Alzheimers Res Ther. 2024 Jun 22;16(1):134. doi: 10.1186/s13195-024-01492-x.
Aging and sex are major risk factors for developing late-onset Alzheimer's disease. Compared to men, women experience worse neuropathological burden and cognitive decline despite living longer with the disease. Similarly, male 3xTg-AD mice, developed to model Alzheimer's disease, no longer consistently exhibit standard Alzheimer's neuropathology yet experience higher rates of mortality - providing a unique opportunity to further elucidate this dichotomy. We hypothesized that sex differences in the biological aging process yield distinct pathological and molecular Alzheimer's disease signatures in males and females, which could be harnessed for therapeutic and biomarker development.
We aged male and female, 3xTg-AD and B6129 control mice across their respective lifespans (n = 3-8 mice per sex, strain, and age group) and longitudinally assessed neuropathological hallmarks of Alzheimer's disease, markers of hepatic inflammation, splenic mass and morphology, as well as plasma cytokine levels. We conducted RNA sequencing analysis on bulk brain tissue and examined differentially expressed genes (DEGs) between 3xTg-AD and B6129 samples and across ages in each sex.

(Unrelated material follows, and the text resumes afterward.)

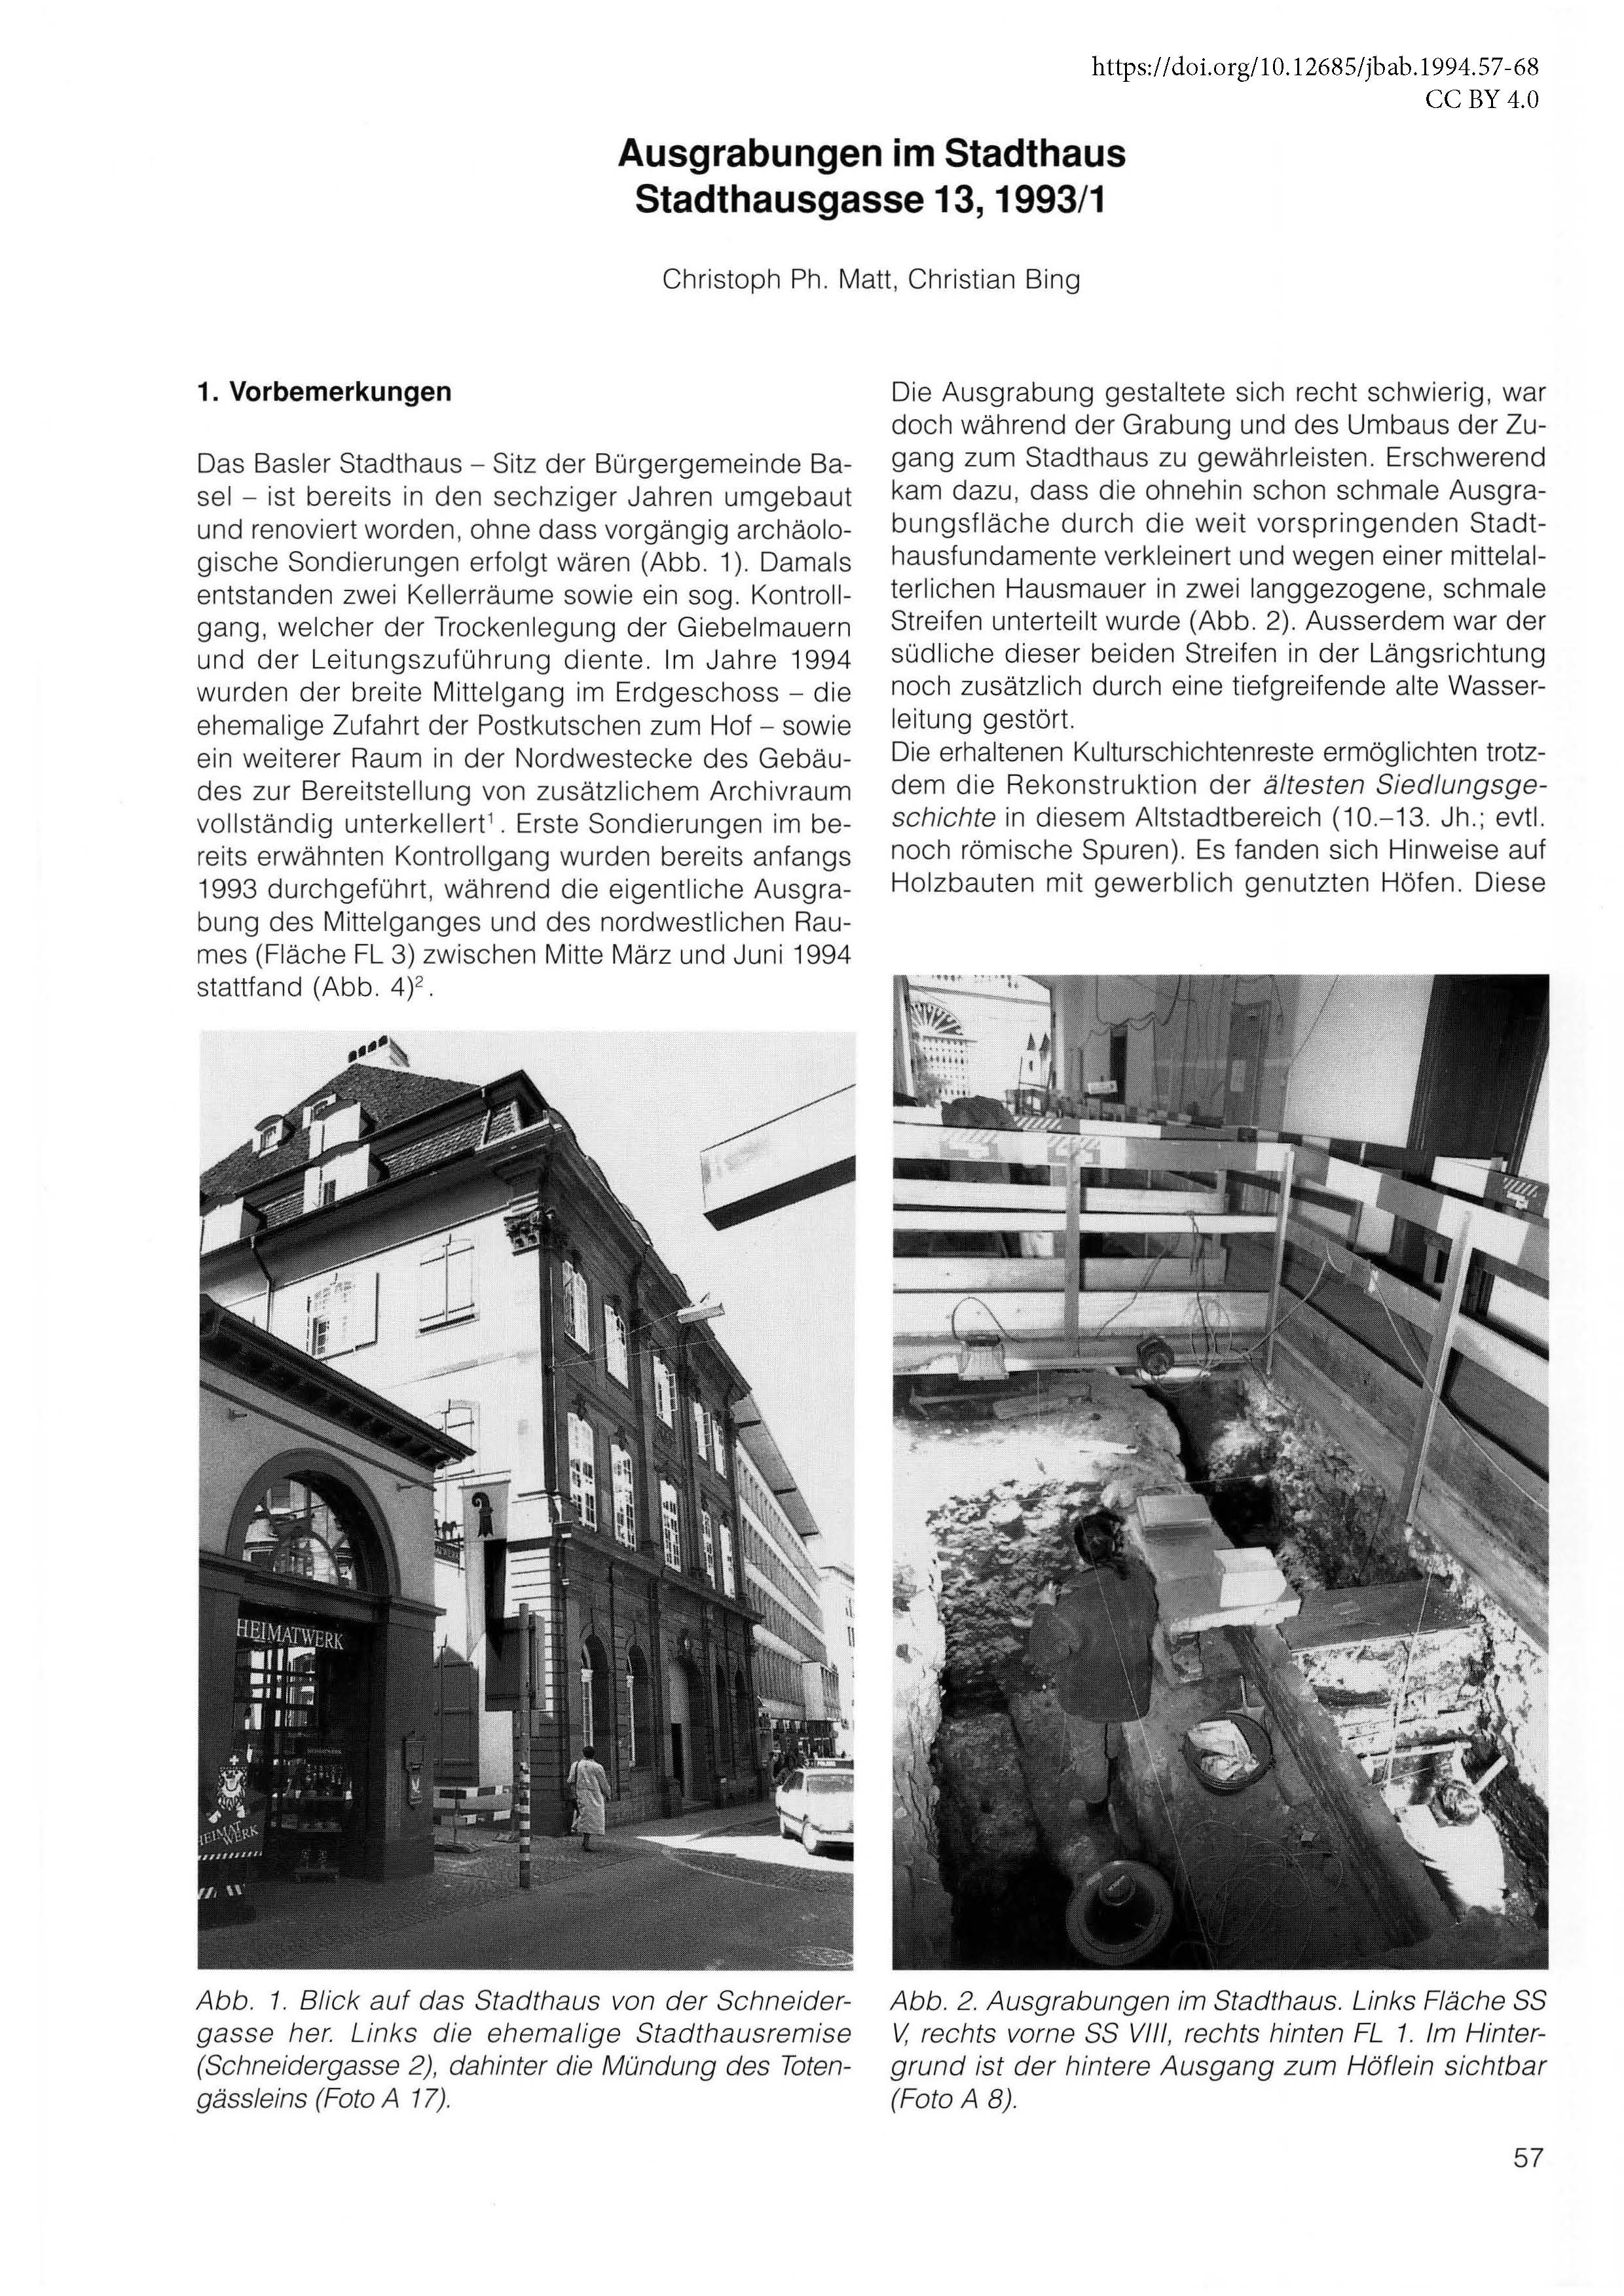 Erste Seite des Artikels über die Ausgrabungen im Stadthaus

We also examined DEGs between clinical Alzheimer's and control parahippocampal gyrus brain tissue samples from the Mount Sinai Brain Bank study in each sex.

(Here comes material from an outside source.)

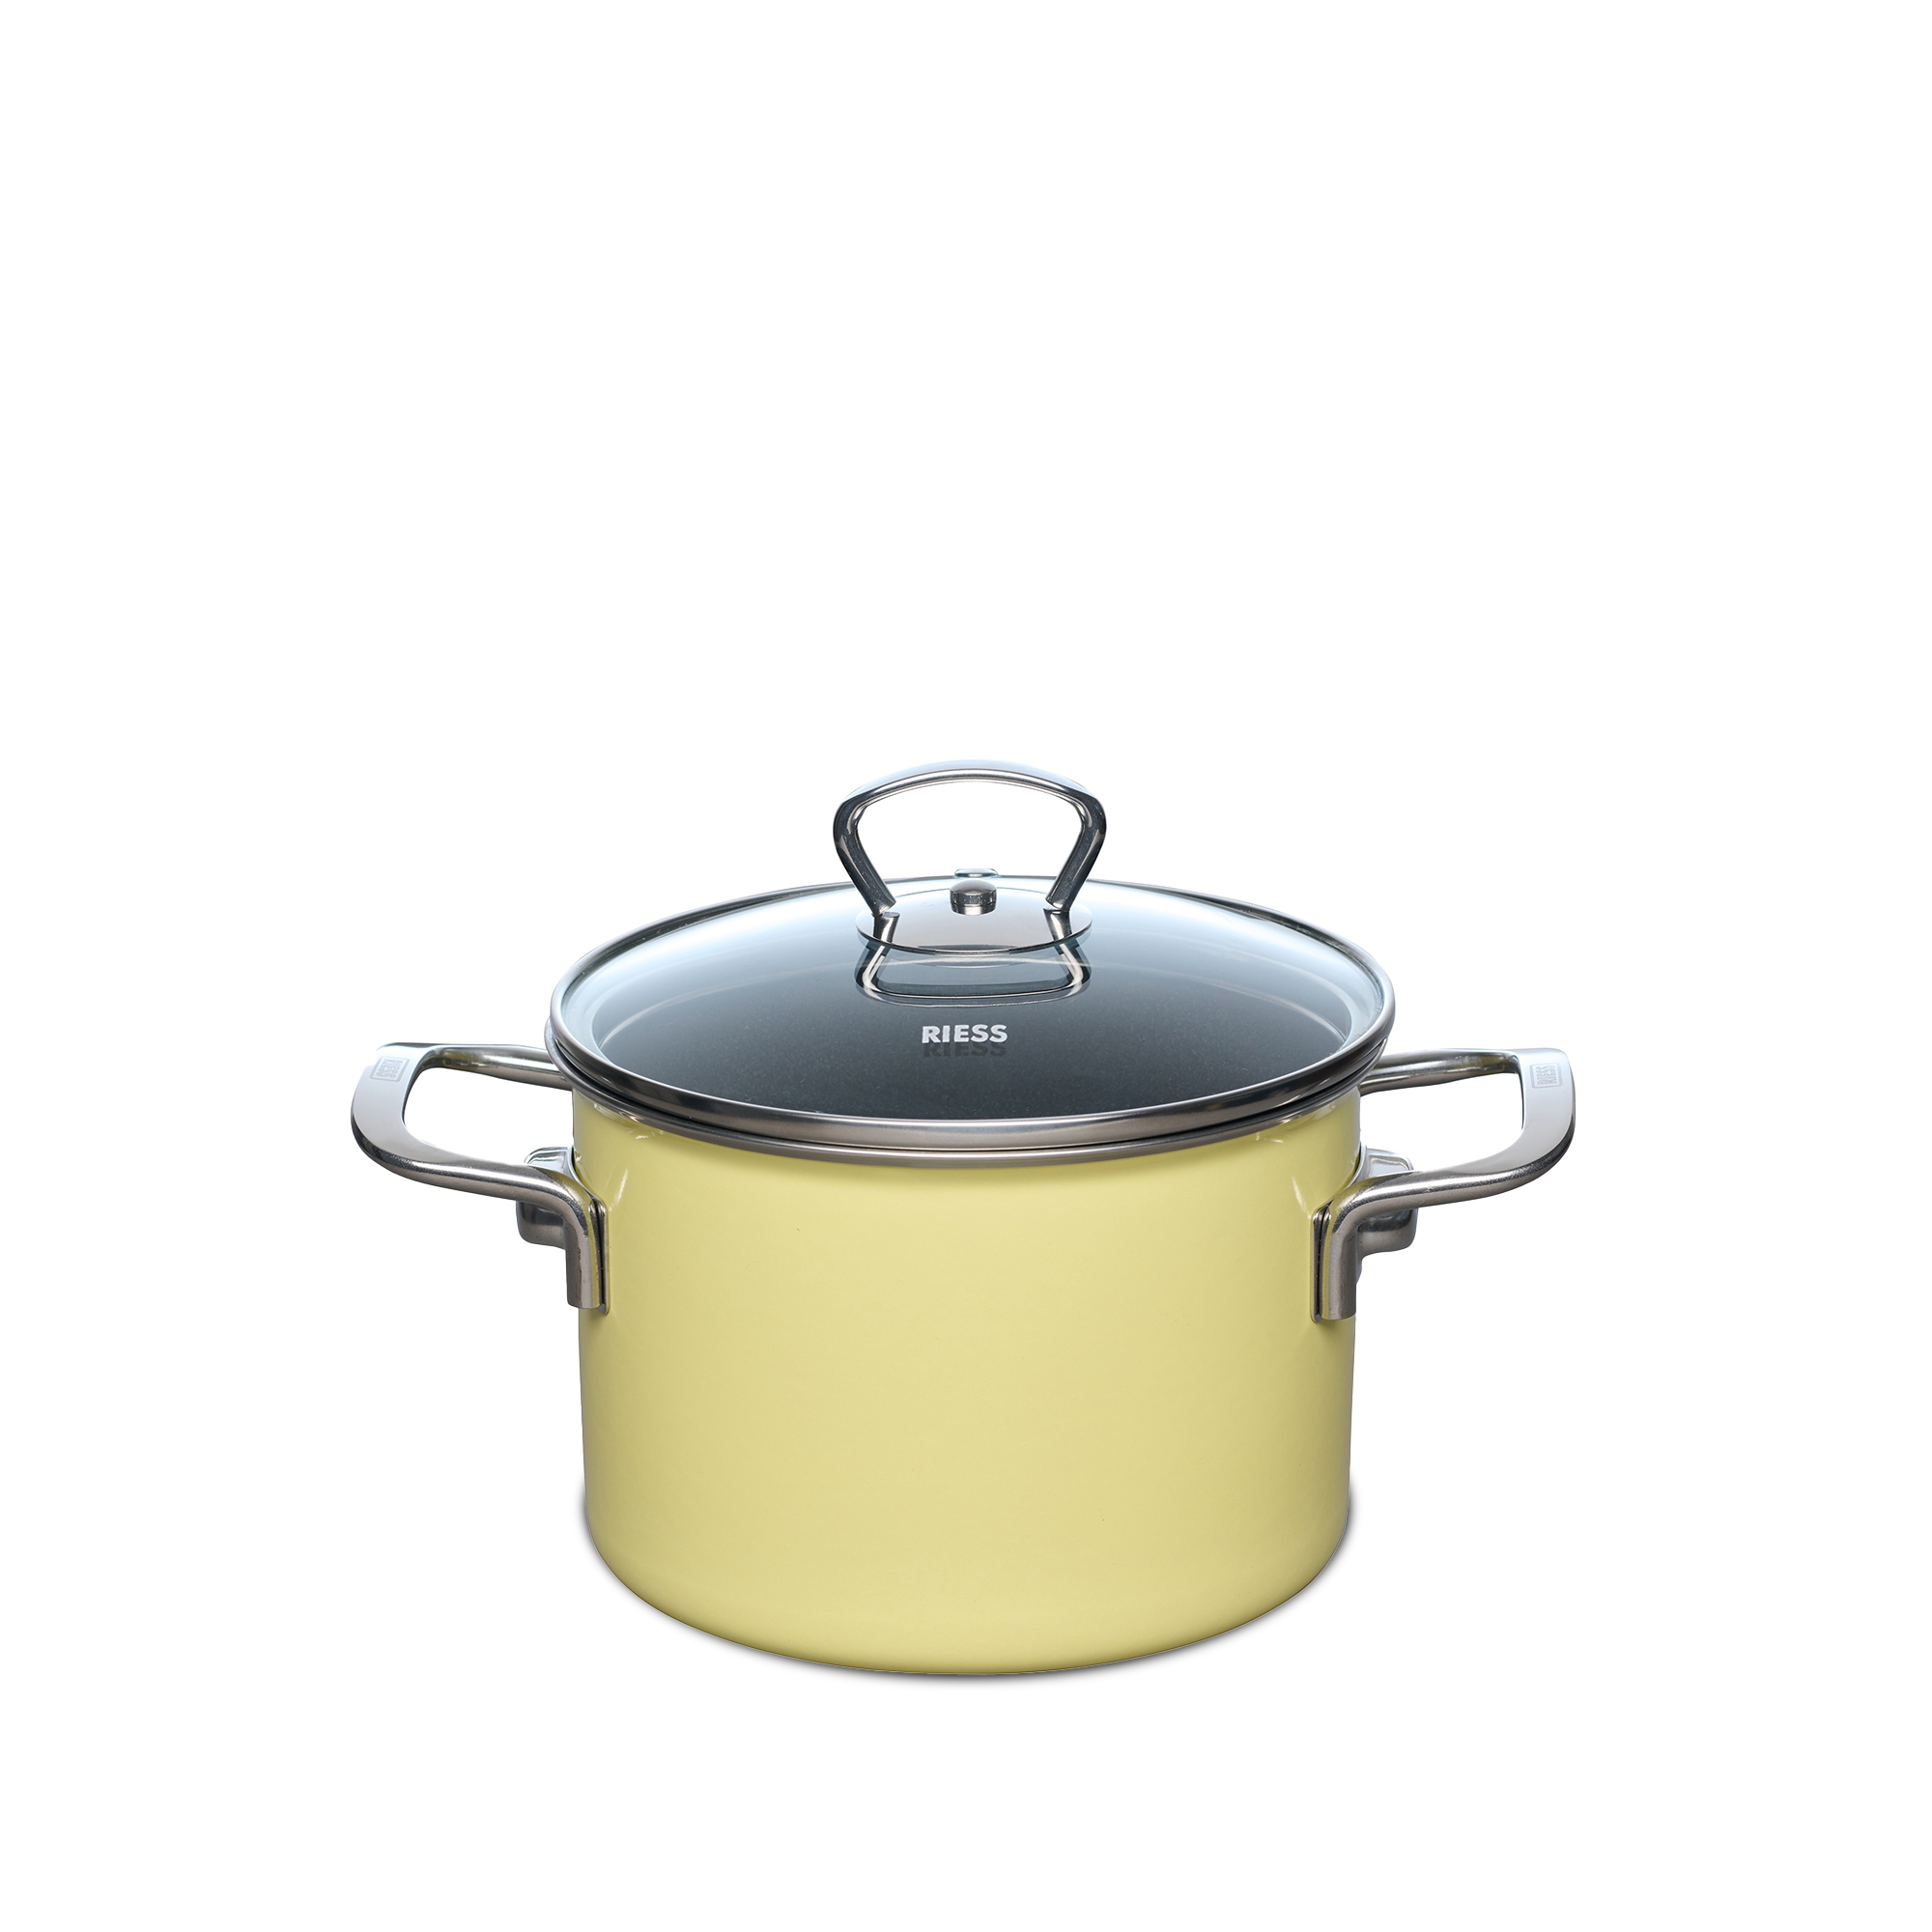 Riess - NOUVELLE PUR - Lemon - meat pot with glass lid 16 cm

3xTg-AD females significantly outlived 3xTg-AD males and exhibited progressive Alzheimer's neuropathology, while 3xTg-AD males demonstrated progressive hepatic inflammation, splenomegaly, circulating inflammatory proteins, and minimal Alzheimer's neuropathological hallmarks. Instead, 3xTg-AD males experienced an accelerated upregulation of immune-related gene expression in the brain relative to females. Our clinical investigations revealed that individuals with Alzheimer's disease develop similar sex-specific alterations in neuronal and immune function. In diseased males of both species, we observed greater upregulation of complement-related gene expression, and lipopolysaccharide was predicted as the top upstream regulator of DEGs.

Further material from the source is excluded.